Friday, June 12, 2009 - Paul M. Ross, Jr., Vertical Online

Vertical recently caught up with the busy providers at St. Louis, Mo.-based ARCH Air Medical Service as the program celebrates 30 years of service to its Midwestern customers in 2009.

ARCH's first aircraft was a Sikorsky S-55
contracted from St. Louis Helicopter in 1979.
The program was initially known as
MARC: the Medical Air Rescue Corps.
ARCH Air Medical Photo.
A look at the program's history leads back to the days of the first commercial air ambulance programs. As the late afternoon sun faded from a Midwest sky in 1979, the piston-packing Sikorsky S-55 helicopter with “MARC” lettering stenciled on the fuselage landed at a rural hospital and a flight nurse jumped out while the pilot scanned the pad from high above. This first flight of the Medical Air Rescue Corps program, transporting a high-risk pregnancy patient, represented one of thousands of such helicopter air medical transports to come over the following 30 years.

Founded by St. Louis University Medical Center staffers, MARC became present-day ARCH — the Area Rescue Consortium of Hospitals — in 1987, as St. Louis' three trauma centers partnered in a new, progressive air medical plan.

Fast forward to 2009. Longtime pilot Jeff Stackpole jockeys “ARCH 8,” one of the program's signature BK117s, for a landing at the scene of a vehicle accident. Flight nurse Kelly Laughlin and flight paramedic Davey Davis begin field assessment of the trauma patient and package him into the ship for the flight to SLU Medical Center's helipad. Today, ARCH has multiple bases, multiple aircraft and heavy demand. So the program, a subsidiary of Colorado's Air Methods since 2000, continues to build on its long tradition of service, helping a wide variety of patients obtain rapid access to improved levels of care.
 
ARCH 8 returns to ARCH's downtown St. Louis base from a mission,
with the Gateway Arch in the background. Moyercreek.com Photo.

Longtime pilot Dave Fails, ARCH's area aviation manager, weighed in with thoughts about 30 years of service. “Even with our good growth and being part of a corporate structure, we still maintain our focus on doing the small things right and more importantly maintain a focus that safety overcomes all other operational considerations,” stated Fails. “And certainly we do have a lot more competition than when we started. But we have not let the competition dictate the way we operate; we remain consistently focused on effective, safe operations.”

ARCH maintains 11 bases in Illinois and Missouri, including a fixed-wing program.

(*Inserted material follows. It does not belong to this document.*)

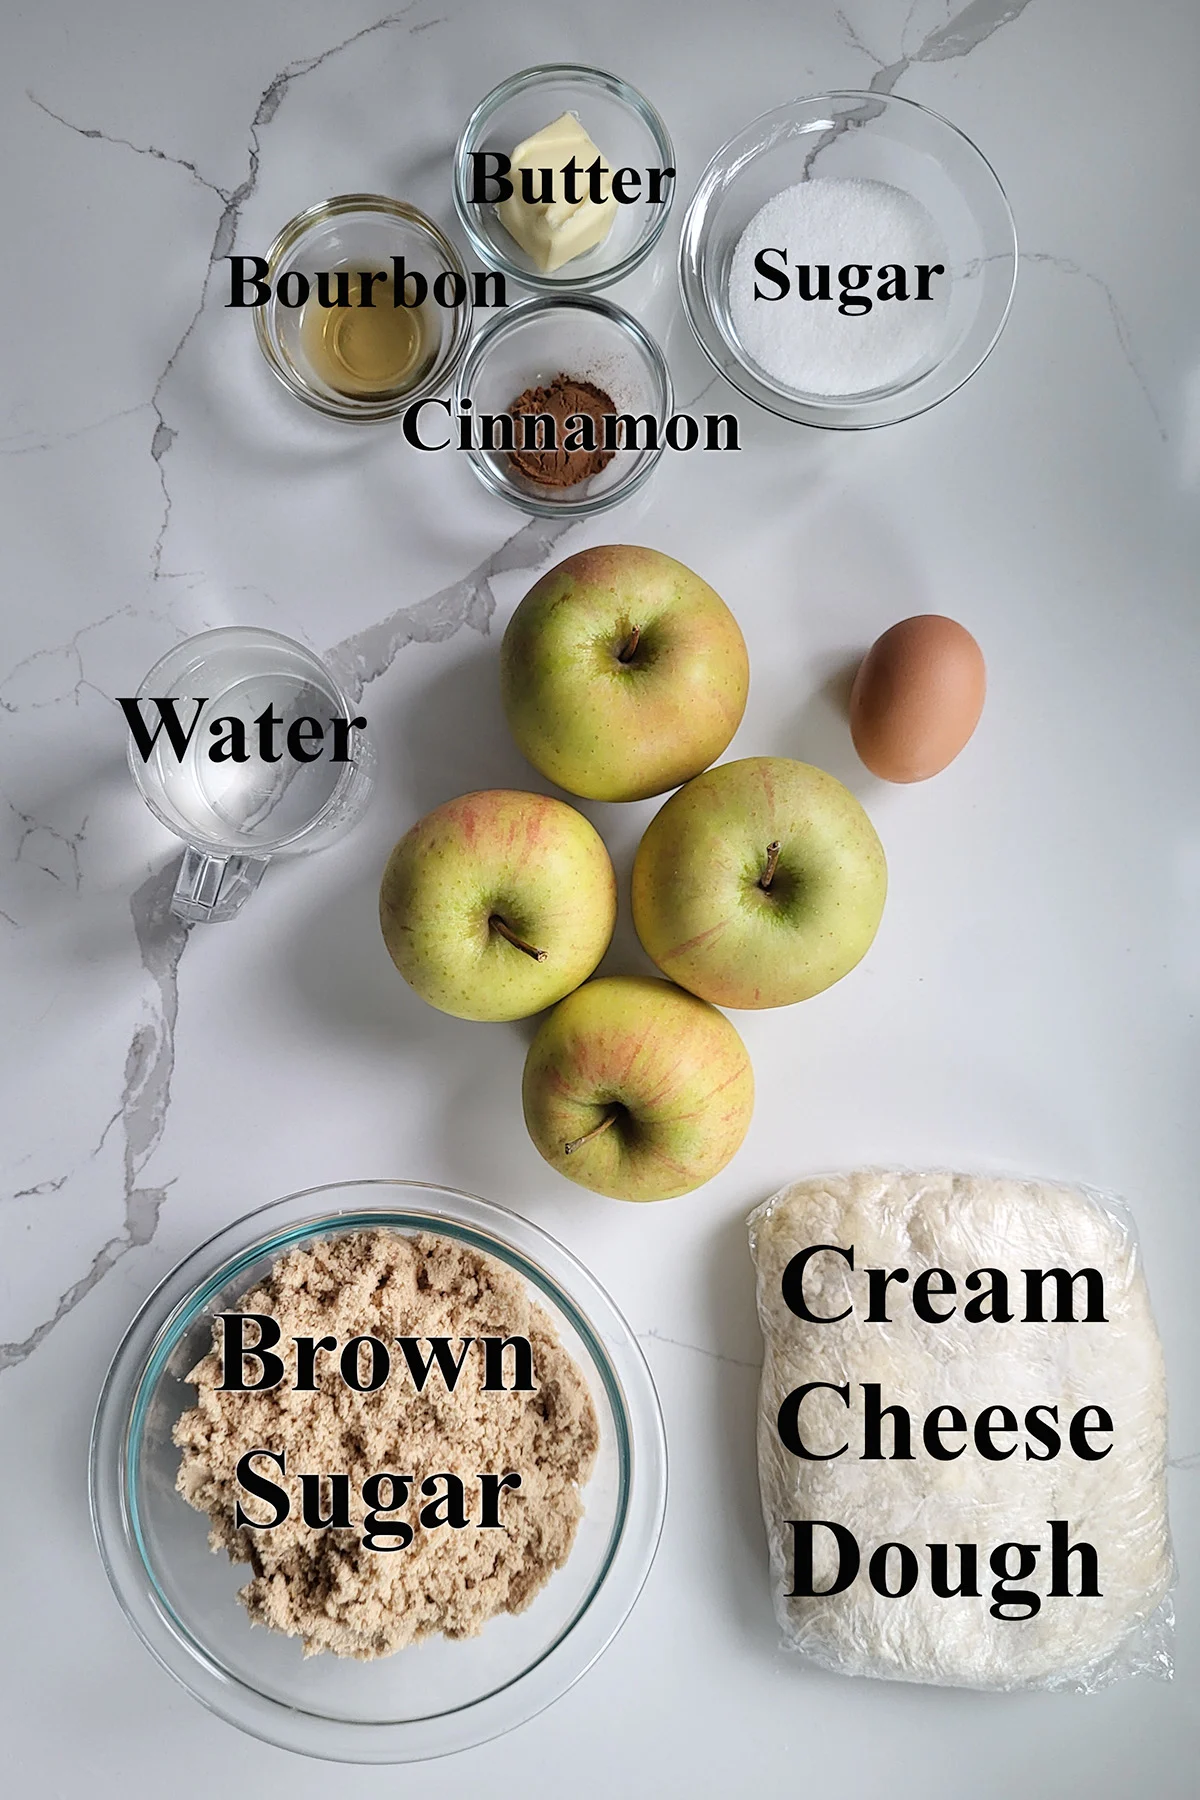 ingredients for apple dumplings in glass bowls on a white surface.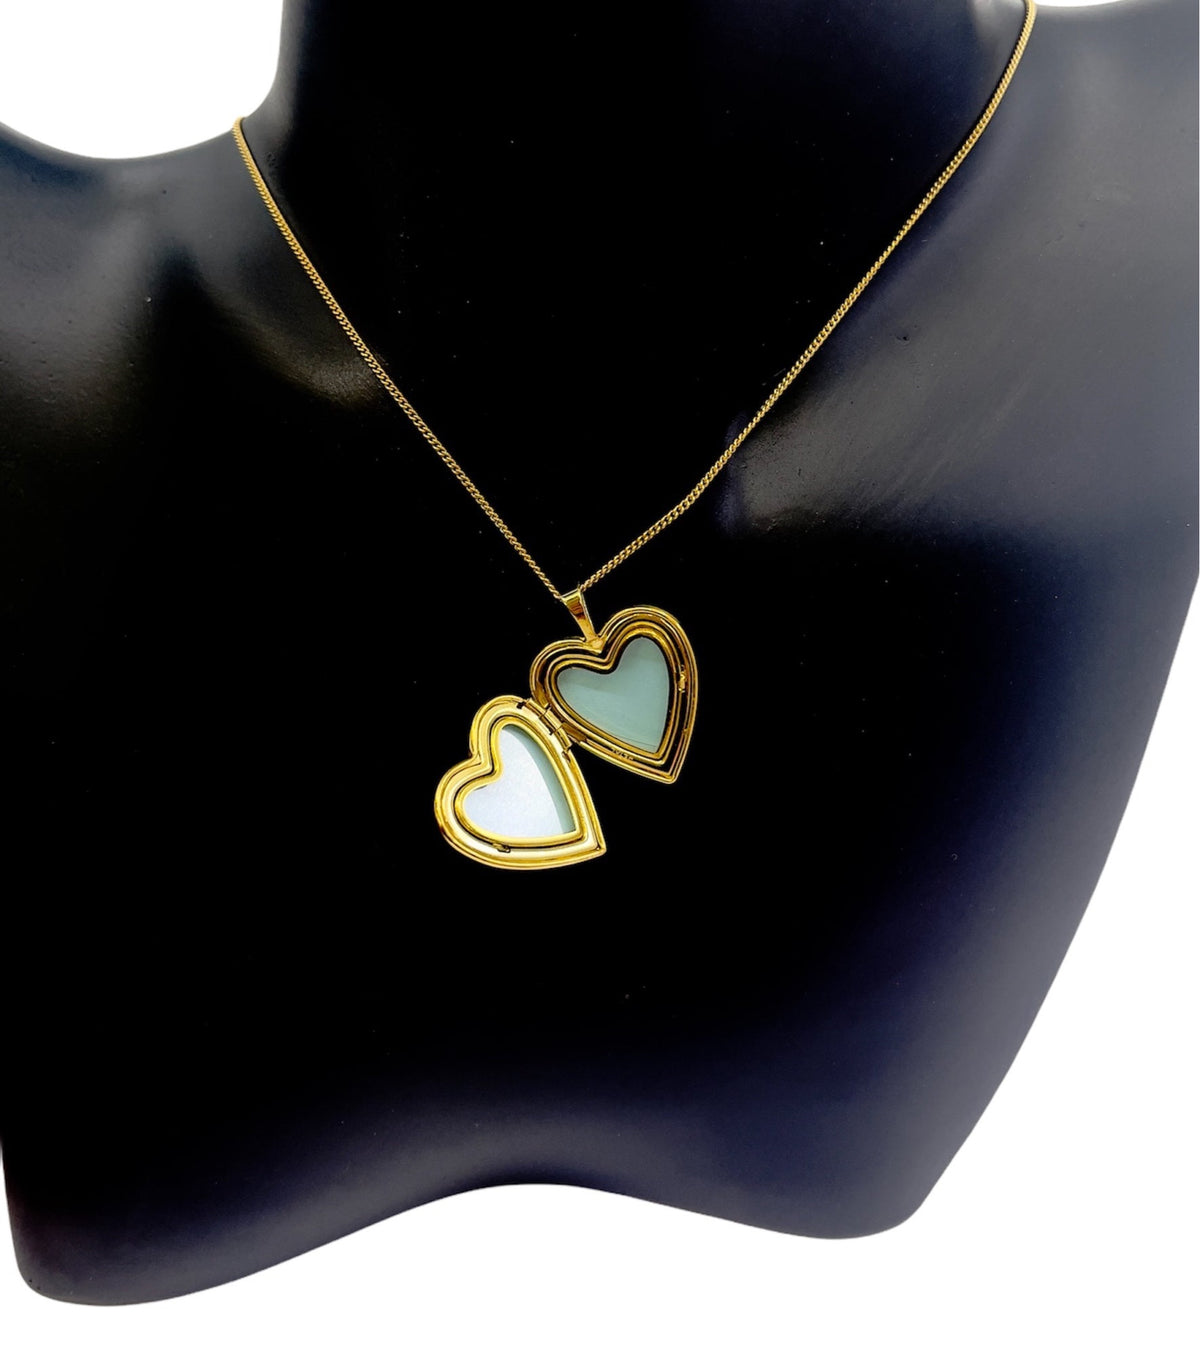 Gold Plated on 925 Sterling Silver Heart Shaped Locket with Etched Hearts Design - 21mm x 20mm

Pilot Jeff Stackpole eyes the rooftop
landing zone at Barnes Hospital at
the controls of ARCH 8, one of the
program's signature BK117 copters.
Moyercreek.com Photo.
Pilot Jeff Stackpole has nine years with ARCH and sees his impetus for pursuing a career in the rotary wing industry unchanged. “It's the same job today as when I started,” he said. “It's flying — which I enjoy — and it's providing a vital service to the community. I'm privileged to do the job.”

In addition to frequent scene and inter-facility flights, ARCH maintains a commitment to specialty transport services with its BK117 “Kid Copter,” customized for neonatal and pediatric high-risk patients. “The St. Louis area is very much a hub for pediatric transplant medical services with the great facilities here, and it is rewarding to be a part of that service offering,” said specialty team pilot Jeff Romer. “It's a great job, a great mission.” Romer said that as a pilot working for ARCH, he is never pressured to accept flights. “And the BK117 is such an all around good aircraft,” he added. “Very durable; good power, range and ergonomics for effective operations.”

Air medical crew selection criteria and job satisfaction both remain high, according to 20-year nurse Kelly Laughlin. “We have a standard of five years with an advanced ALS crew for the paramedics and ER/ICU years for the nurses, as well as dual licensures in adjacent states,” said Laughlin. “I like the ability to provide quality care in an autonomous setting. That's where you can truly use your critical thinking skills, react on your feet, truly do all the components of critical care amidst the challenge of the environments we work in, it's all very rewarding.”

Flight paramedic Davey Davis, in his seventh year of air medical response, said: “The biggest reward for me is being able to help out people when they really need it, and at the same time being able to advance your skill set. I feel very fortunate to be here with ARCH, it's certainly an opportunity to work at a very high level in the ALS field.”

Service offerings by ARCH go beyond air medical flight operations. Co-located at the downtown St. Louis headquarters is the ARCH Communications Center, handling dispatching and aircraft flight communications for air medical programs in Missouri, Illinois and Indiana.
 
Flight nurse Julie Statzel and flight paramedic Dan Shurtz move a maternity patient to Barnes Hospital's
OB specialty care unit after a transport from a rural hospital. Moyercreek.com Photo.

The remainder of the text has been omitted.